At the same time as facing these financial difficulties, today’s pensioners are looking to get more out of their retirement than previous generations. Recent research5 revealed that only 15 per cent of those aged between 50-59 feel they have achieved all they want from life and if money were no object 53 per cent of over-50s would travel abroad more.
Current market outlook
Many over-65s are therefore facing retirement with high expectations and substantial capital in their property but very little actual cash. This is leading to steady growth in the equity release sector which people choose as a viable solution to this problem.
Our analysis of the market for the final quarter of 2004 serves to further confirm this, showing a 3.5 per cent increase in the total value of plans taken over the previous quarter – a rise in value from £372 million to £385 million1.
Regionally, the South has traditionally led the rest of the United Kingdom with regards to housing trends. Therefore, the phenomenal growth in the value of new business in 20041 in the Northern regions - Northern England (143 per cent), Yorkshire and Humberside (88 per cent) and North West England (56 per cent) – shows that equity release is gaining general acceptance.

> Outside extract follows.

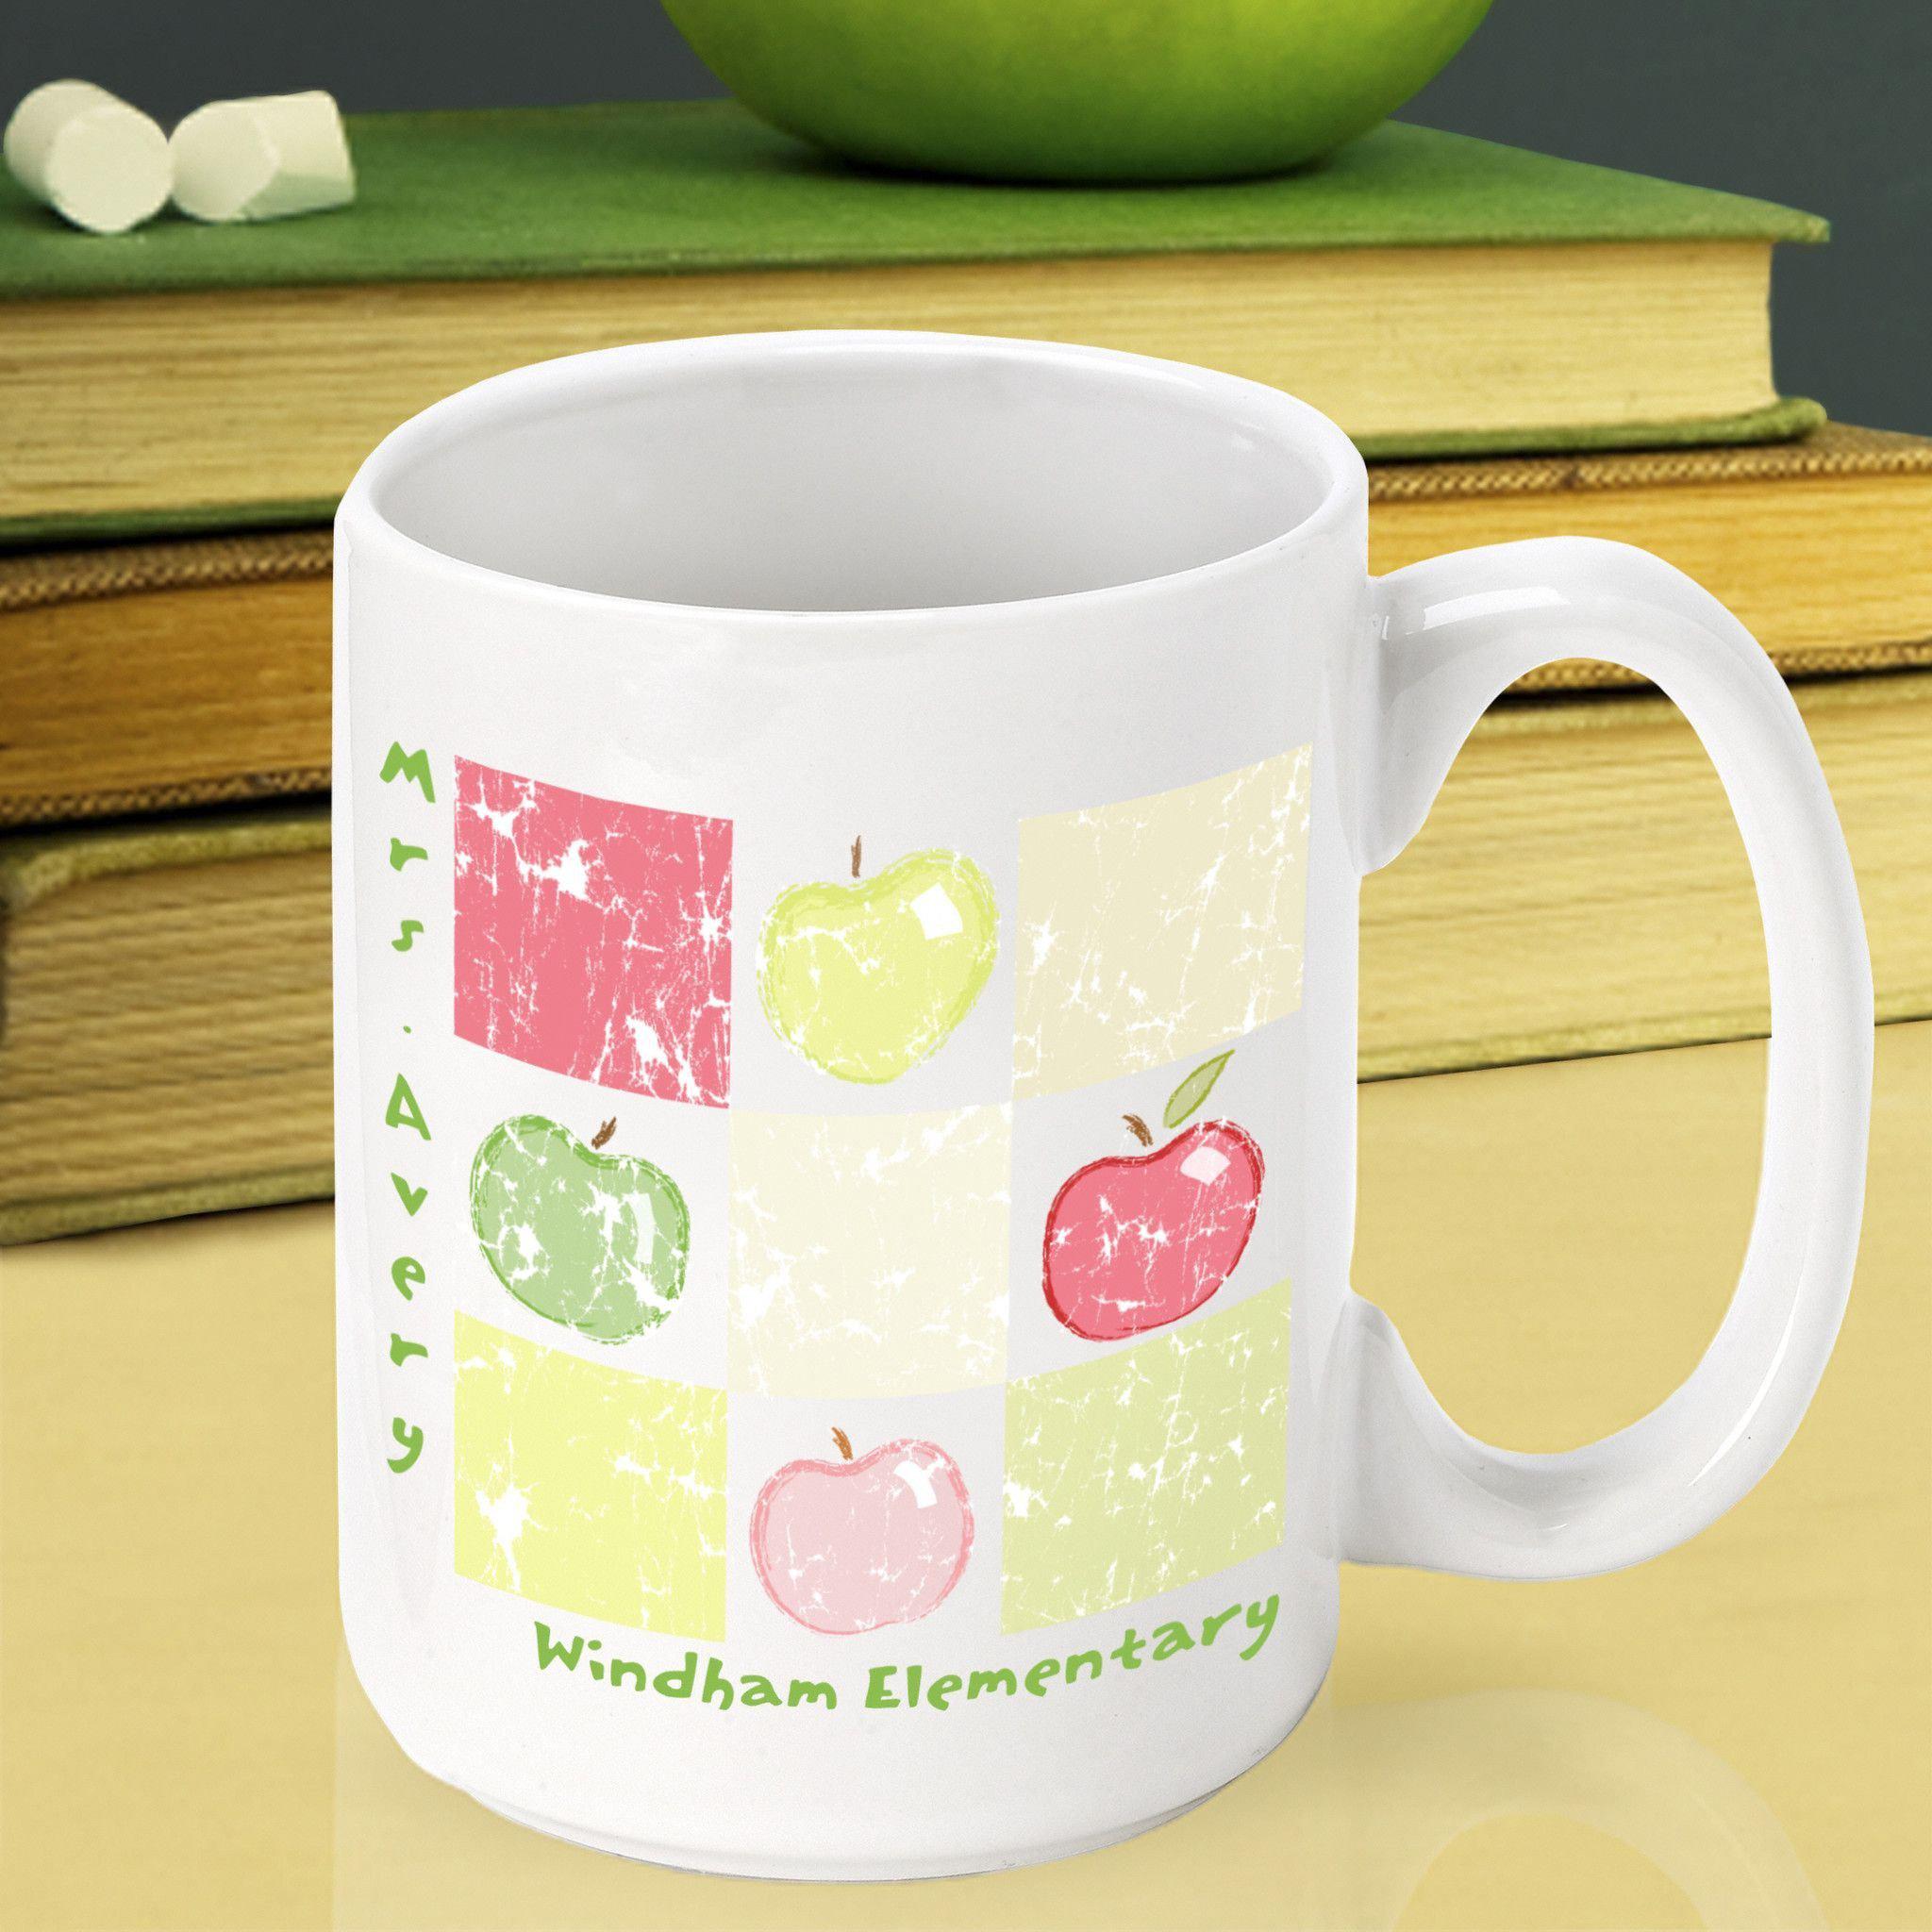 Personalized Teacher Coffee Mugs

By comparison, in the South West, South East, East Midlands and East Anglia, the value of new business was lower in 2004 than in 2003 (-12.1 per cent, -9.7 per cent, -11.3 per cent and –6 per cent respectively). This illustrates the affects of slowing house price inflation in these regions.
Consumer confidence
The rise in equity release schemes taken out over the past years has been in line with a growing consumer confidence over the same period. Research6 reveals that consumer confidence in the market has nearly doubled in the last three months of 2004 and a quarter of those over-55 would now consider equity release.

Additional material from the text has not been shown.